The behavioral modification part was cool as well. The doc presented data on the success of sleep rationing to increase sleep time vs. various drugs. The behavioral methods worked much better.

In other news, I took my first serious exam of medical school on Monday.

Started with 25 questions about various structures tagged/pinned on cadavers or x-rays.
I felt pretty good about this part, but definitely forgot some simple information from the very beginning of the block. (each block is three weeks, so we're on to block II now)
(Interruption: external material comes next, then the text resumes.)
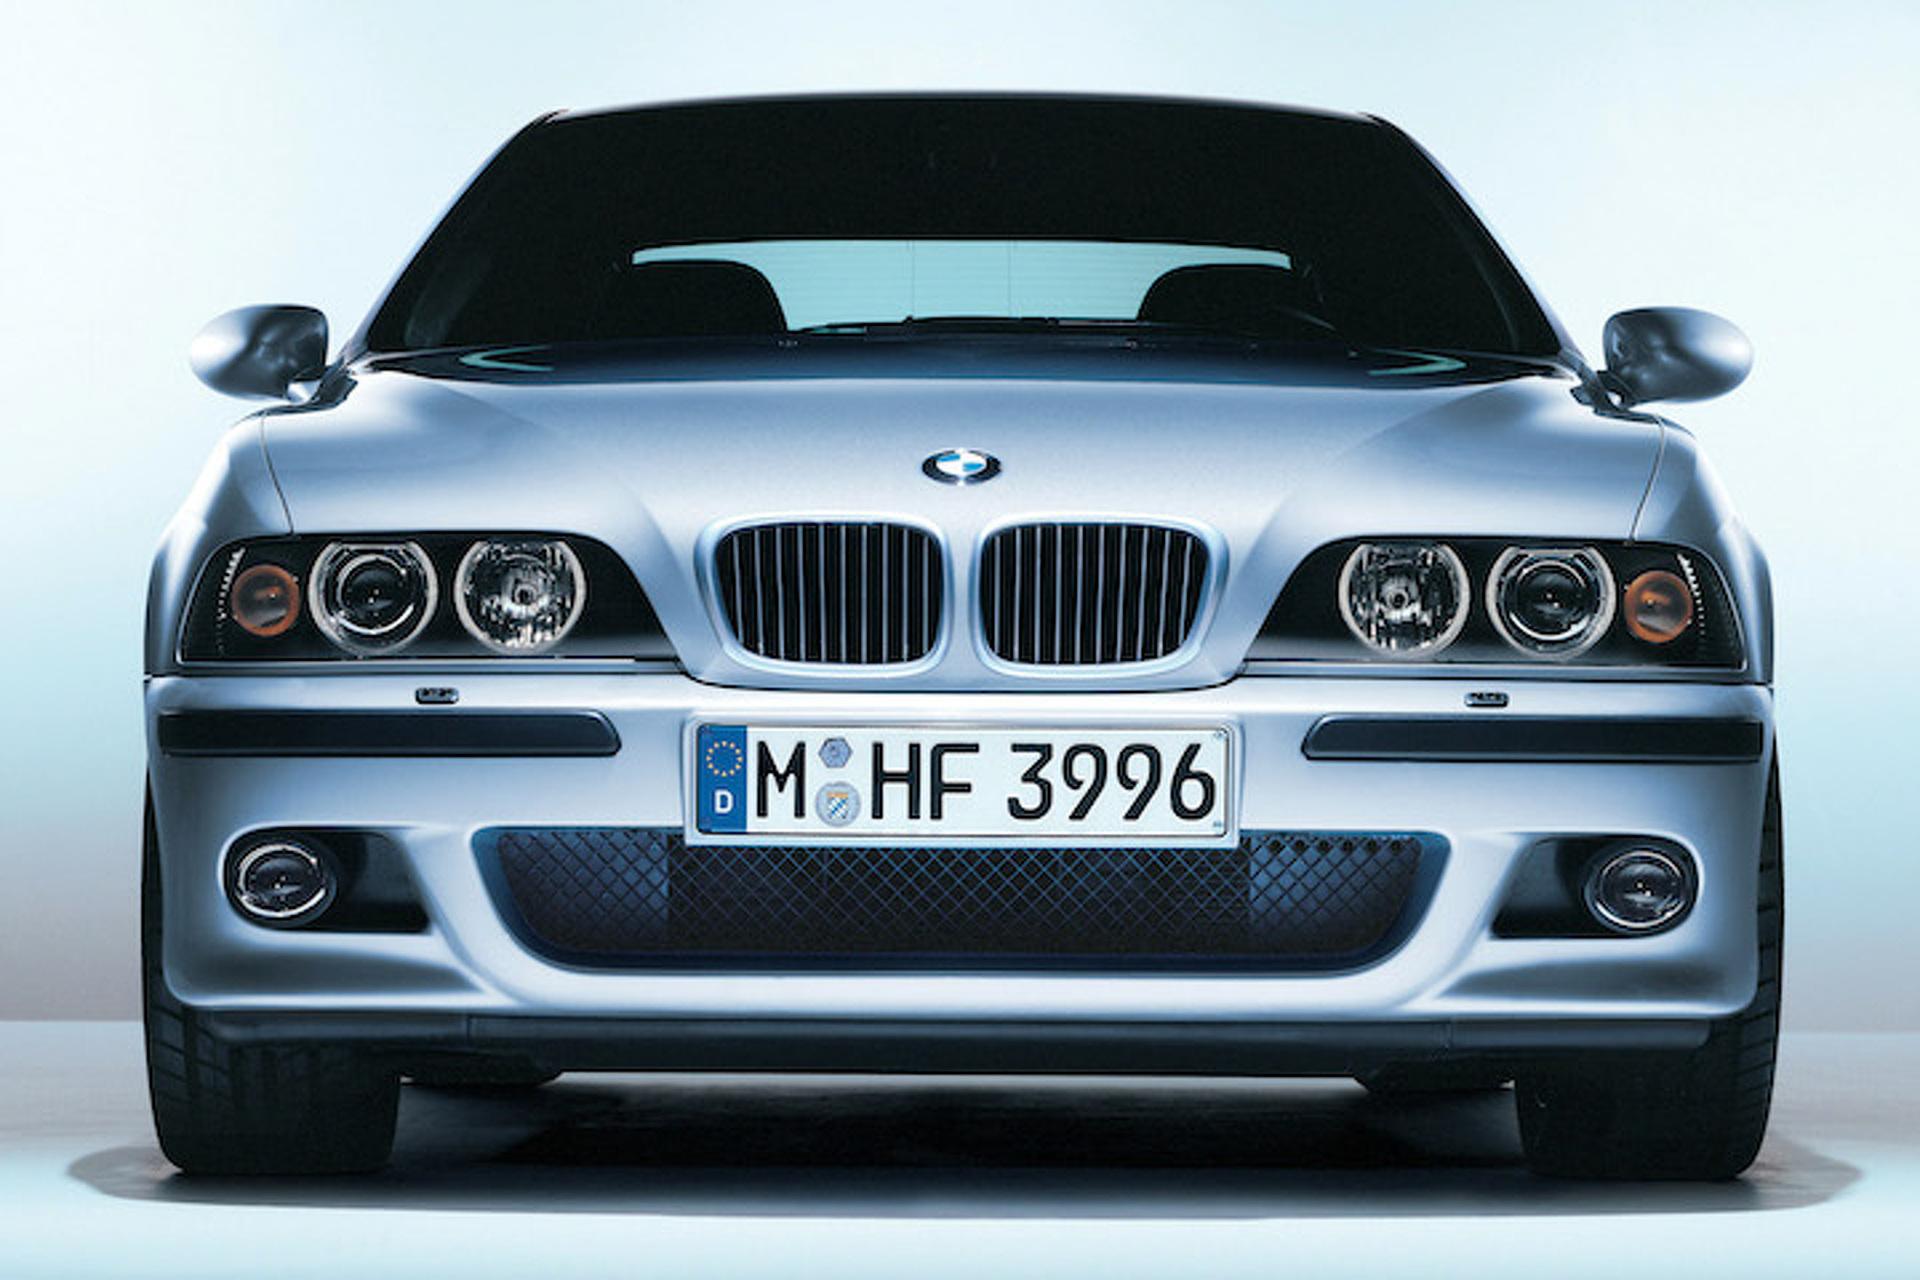 BMW M5: 30 Years and Still Kickin'

Then I had 45 questions about various micrographs and light microscope images pertaining to tissue types and classification.
This went fairly well I think.

Monday morning finished with 37 multiple choice questions about cardiac physiology and ECG interpretations.
These were really challenging.
There were also some more short answer anatomy questions that were clinically oriented. I had not read enough of the textbook to feel really comfortable with these.

After lunch, we immediately started in on block II. Intensity is good.